J'ai déjà eu l'occasion de dire les sentiments que m'inspire l'été et le goût qu'il me donne pour l'Amérique latine. Le printemps aussi m'inspire des rêveries exotiques et dès les premiers bourgeons, je rêve de cerisiers en fleurs et les billets sur le blog de mon amie, Cléophée looking at the sky, sur ce thème accentuent encore ce désir. C'est l'occasion de mettre ici un peu de culture japonaise, culture à laquelle je me suis intéressé d'abord au sujet des jardins secs, puis en lisant Le Livre du thé de Kakuzô Okakura. Culture qui néanmoins reste pour moi absolument mystérieuse, complètement étrange, mais pour cette raison d'autant plus fascinante. Les poèmes courts (tanka, haïku...) sont, à cet égard, tout à fait emblématiques. Je les vois comme de petits grains d'opacité, ou plutôt de petits grains de croustillance. De petites pièces sur des sujets très familiers, mais que la brièveté rend formidablement contingentes. Et c'est cette contingence même qui laisse subodorer, imaginer plutôt d'entrevoir, tout un univers de sens, de pensées et de sensualité.
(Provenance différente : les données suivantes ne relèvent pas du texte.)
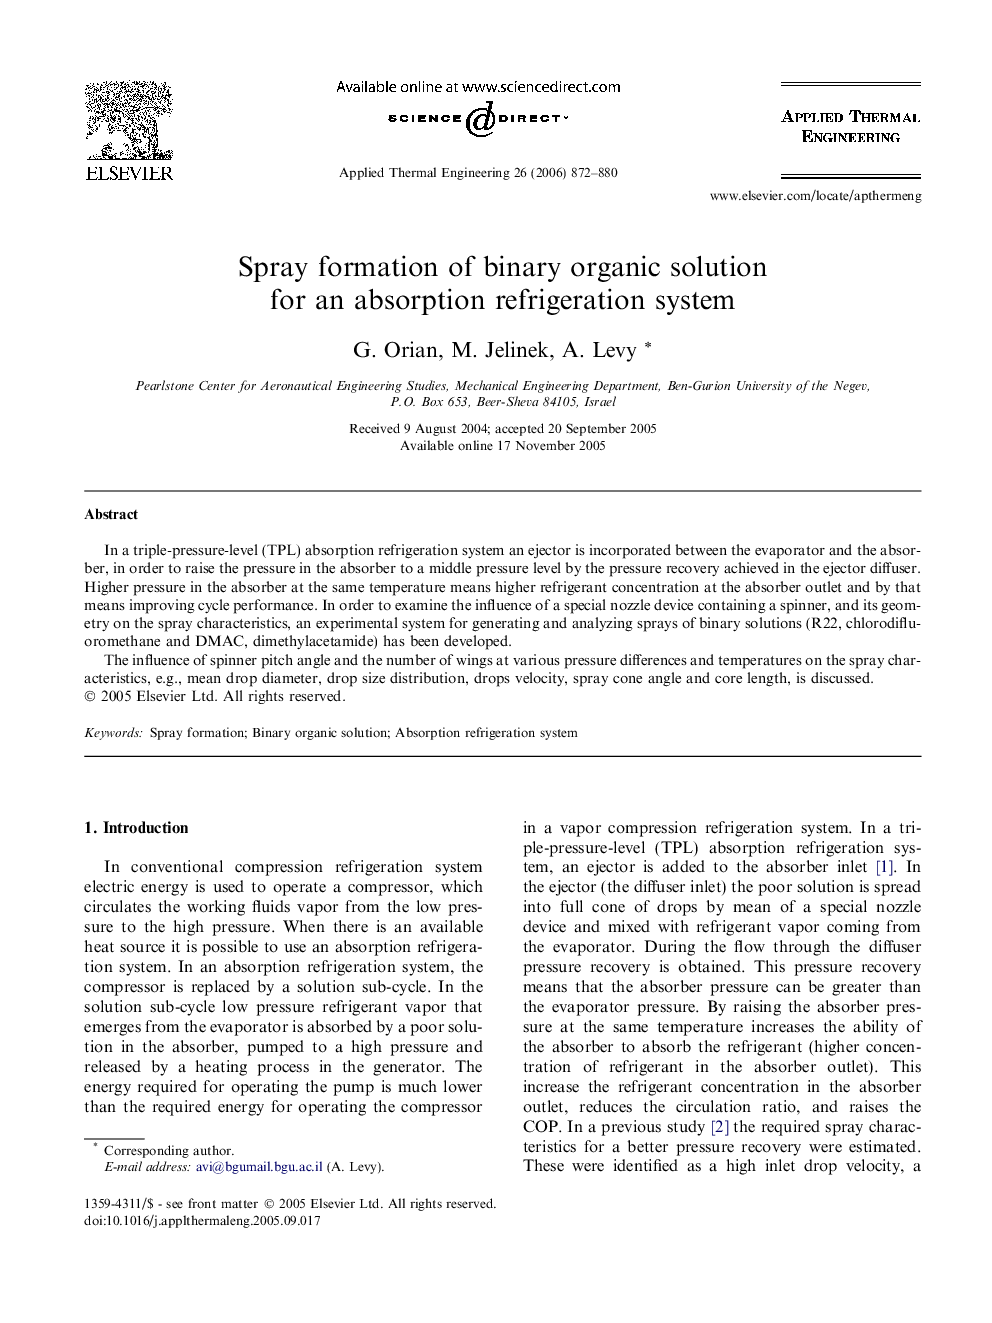 Spray formation of binary organic solution for an absorption refrigeration system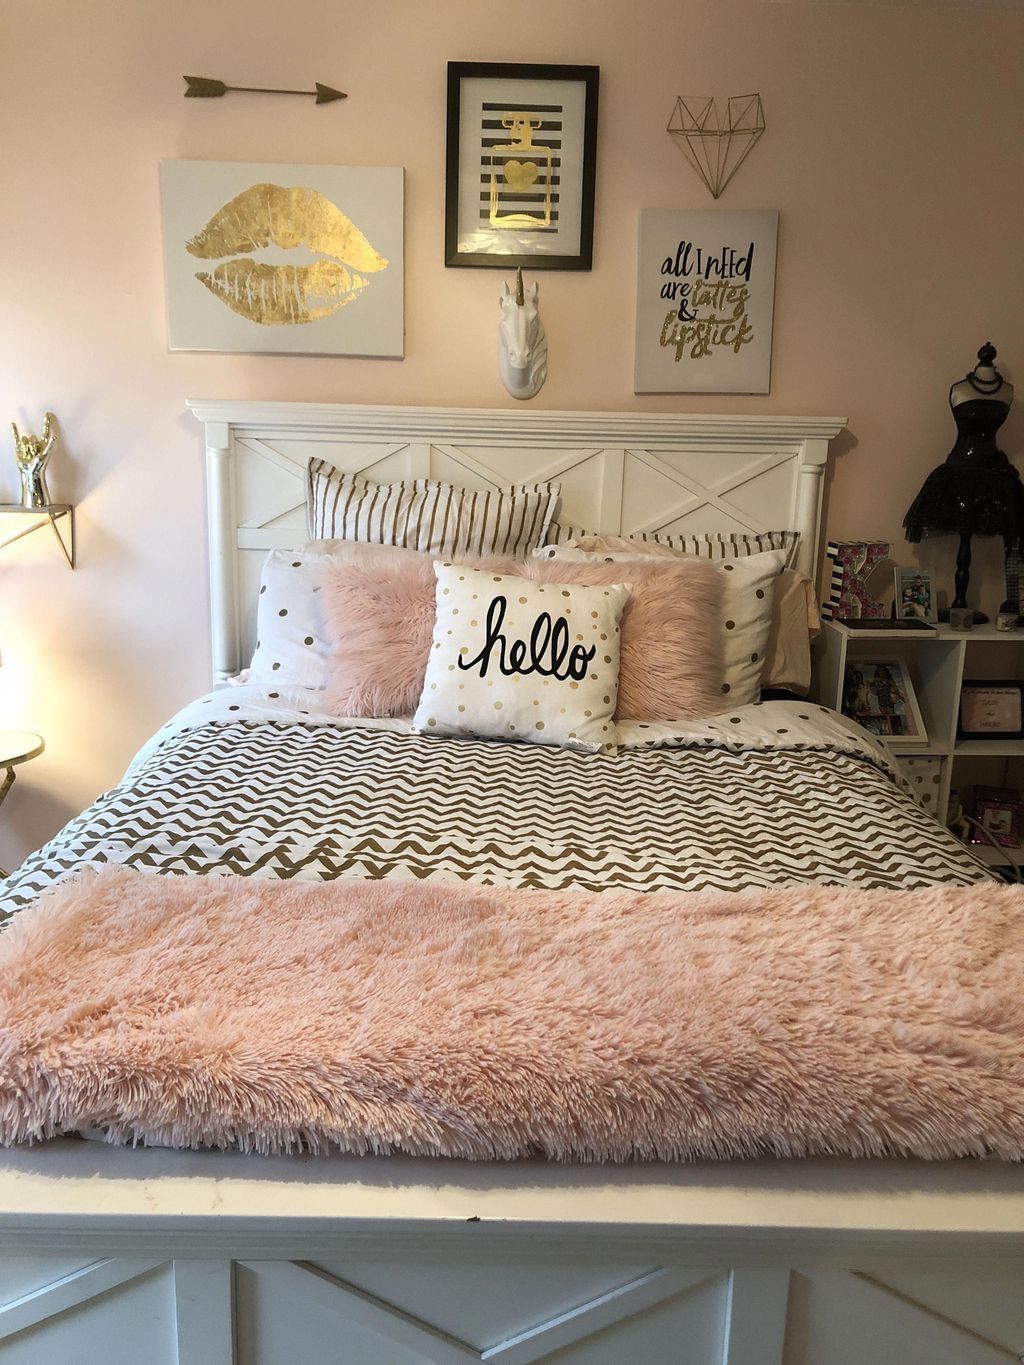 50 Pink Bedroom Decor You Can Try on Your Own -   14 room decor Bedroom colors ideas

Je choisis un seul poème, pour ne pas briser cet effet, car cette forme incite à rassembler plusieurs pièces, donnant à chacune le statut d'une strophe et diminuant ainsi l'étrangeté de cette atomicité.
Fleurs de cerisiers
Qui ne connaissez le printemps
Que depuis cette année,
Puissiez-vous ne jamais apprendre
Qu'un jour vous devrez tomber.

(Ki no Tsurayuki, Kokinshû I, 49 ; trad. G. Renondeau in Anthologie de la poésie japonaise classique, Poésie Gallimard, p. 143)
(Crédits photographiques : Photo de Jeffrey Friedl)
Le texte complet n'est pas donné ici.